Тогда Андрей повернулся к Маше и сказал уже спокойнее:
— У меня есть идея.
Через полчаса они были на месте — Андрей с визгом шин и шиком припарковался за домом инвалидов. Не глядя друг на друга, они вышли и быстро направились к зданию.
Внезапно Маша сбилась с шага — она узнала фигурку, сидящую у главного входа на скамейке. На улице было ветрено, стыло, но Бакрина этого, казалось, не замечала: выцветшие голубые глаза все так же смотрели в пространство. Маша поежилась: было что-то невыразимо печальное в этой слепой старухе с Альцгеймером, неизменно несущей свою вахту на скамейке у дома инвалидов.

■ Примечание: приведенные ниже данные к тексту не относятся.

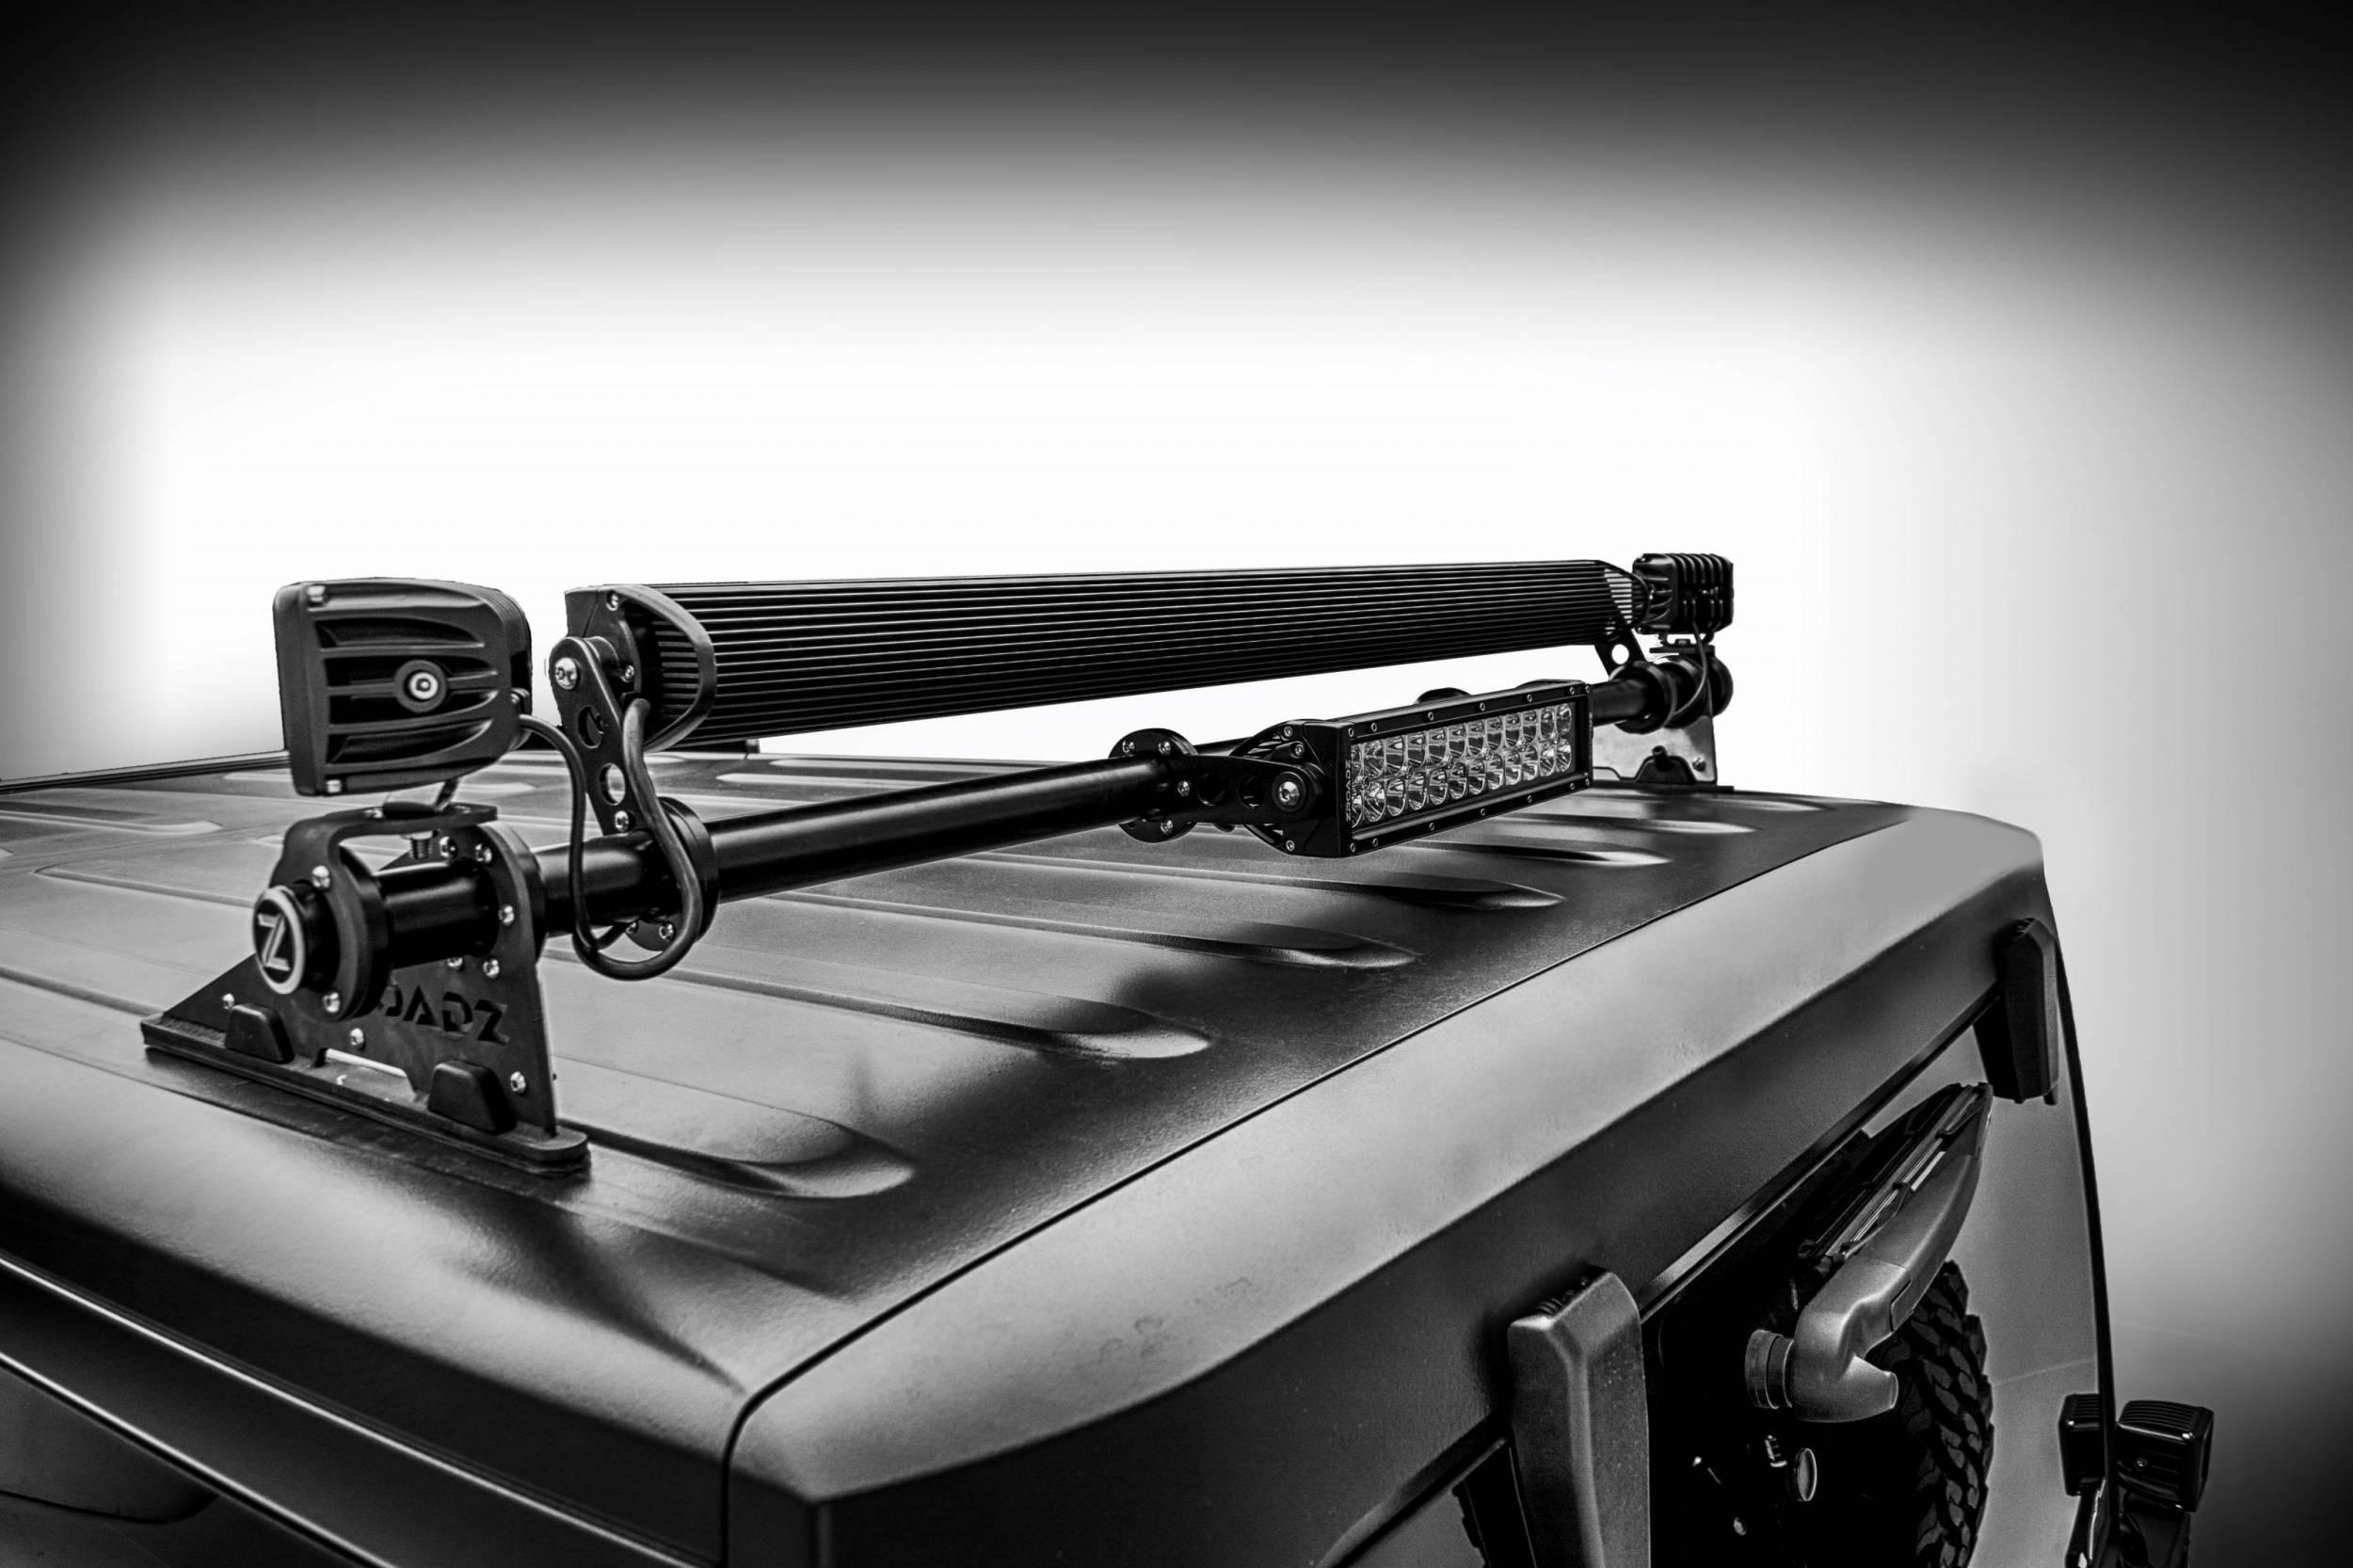 ZROADZ - Jeep JK, JL Modular Rack LED Bracket adjustable to mount up to (4) various size LED Light Bars - PN #Z350050-JK

— Это тетка Бакрина. Катерина Тимофеевна, — тихо сказала она Андрею. — Иди, попробуй поговорить с ней, мало ли?..
Андрей кивнул: вдруг Бакрин все-таки не выдержал и поделился с единственной родной душой своим присутствием в этом мире? Ведь, в конце концов, он не сильно рискует: она слепа, и уже давно. А теперь еще и лишена памяти. Маша вдруг вспомнила, как вскинулась старуха в первый ее приезд, услышав шаги директора Ниркабова, спросила: «Васенька?» А что, если узнала?
Оставив Андрея рядом с Бакриной, она потянула на себя тяжелую стеклянную дверь и, войдя, сразу увидела миловидную медсестру на рецепшен, полную и сдобную, как пшеничная булочка.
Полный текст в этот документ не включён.